Rock bottom: Biden's net favorable rating now lower than Trump's

AP Photo/Carolyn Kaster

It’s a real achievement to lose a popularity contest to a one-term twice-impeached president who never won the popular vote. Take a bow, Joe.


He’s within two-tenths of a point of being viewed less favorably overall than a guy whose last meaningful act in office was inciting an attempted putsch. This morning’s garbage jobs report may get him there once the economic news begins percolating among the public.

It could be worse for him. He could be Kamala Harris.

His political fate is now at the mercy of forces beyond his control. Today he conceded publicly that he won’t be keeping his famous promise to “shut down the virus,” amending it by saying that we’ll eventually be able to control COVID better than we are right now. Which is true, but not a lot different from saying “hey, all pandemics end eventually.”

Herd immunity will happen, slowly but surely (but mostly slowly). When in doubt, remember the official White House COVID strategy: Cross your fingers and pray.

The problem for Biden’s party and the many political professionals it employs is that they’re obliged to be proactive in messaging for the midterms even though how they fare will depend much more on forces like inflation and the emergence of new variants than anything they could say. So, per CNN, in their quest for a winning campaign pitch, they’re going with … one of the most futile angles they could choose.


House Democrats’ campaign arm is leaning into a strategy of linking Republicans to the January 6 insurrection amid the one-year anniversary of the US Capitol riot, even as some in the Democratic Party debate how much to talk about the deadly attack on the campaign trail.

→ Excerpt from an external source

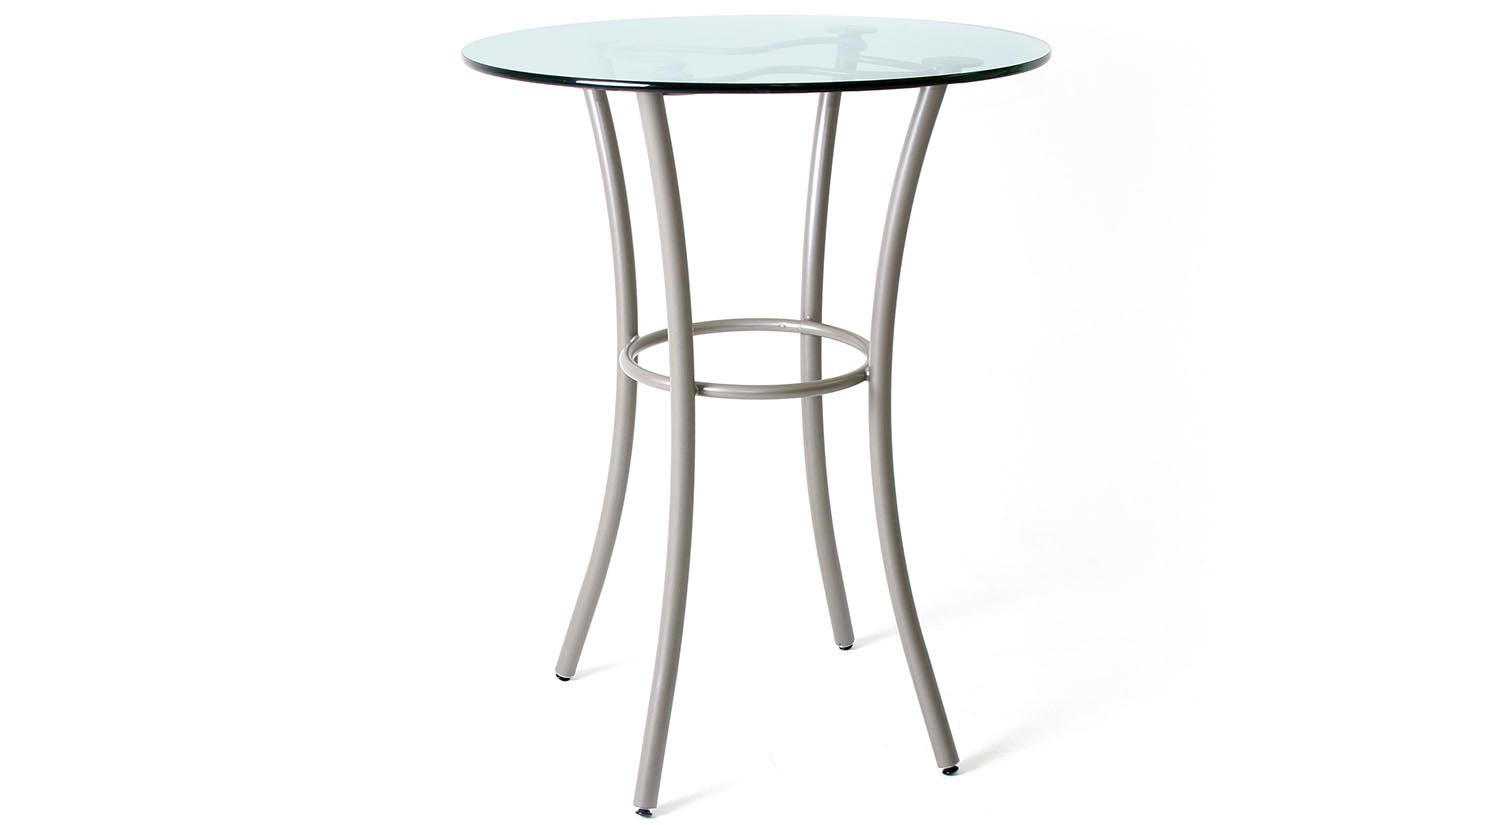 Lotus Pub Table Circle Furniture, Glass Top Pub Table And Chairs

The Democratic Congressional Campaign Committee rolled out a new splash page on its website Thursday featuring a banner declaring that “Republicans incited an insurrection” against the backdrop of pictures of the pro-Trump mob as they stormed the Capitol. The page also highlights the 139 Republicans who voted to overturn the 2020 election, as well as GOP lawmakers and congressional candidates who may have promoted the “Stop the Steal” rally or movement.

That comes in addition to a new DCCC memo, obtained by CNN, vowing to remind voters that many Republicans not only fueled the effort to subvert democracy by embracing former President Donald Trump’s election lies, but spent the past year trying to downplay or dismiss the violent attack.

Outside groups are doing it too. One new Super PAC called Stop Him Now aims to link Republican candidates who lie about the 2020 election to Trump, hoping to leverage his unpopularity. That might work if he was vastly less popular than the head of the Democratic Party, but as we’ve seen, he isn’t. And it’s unnecessary regardless: Trump will spend plenty of time and energy over the next 10 months reminding swing voters who he is and what he thinks. If they don’t recoil at what he has to say on the stump, no Democratic attack ad will persuade them to do so.


A few days ago writer Paul Blest reality-checked Democrats about January 6. As repulsive as it was, and as much as Republicans deserve to pay a political penalty for embracing the guy who incited it, there’s no evidence that the electorate particularly cares about it now. At least not so much that it’s going to get voters to lay aside their concerns about inflation, school closures, the Afghanistan debacle, federal spending, and a dozen other issues and vote D instead.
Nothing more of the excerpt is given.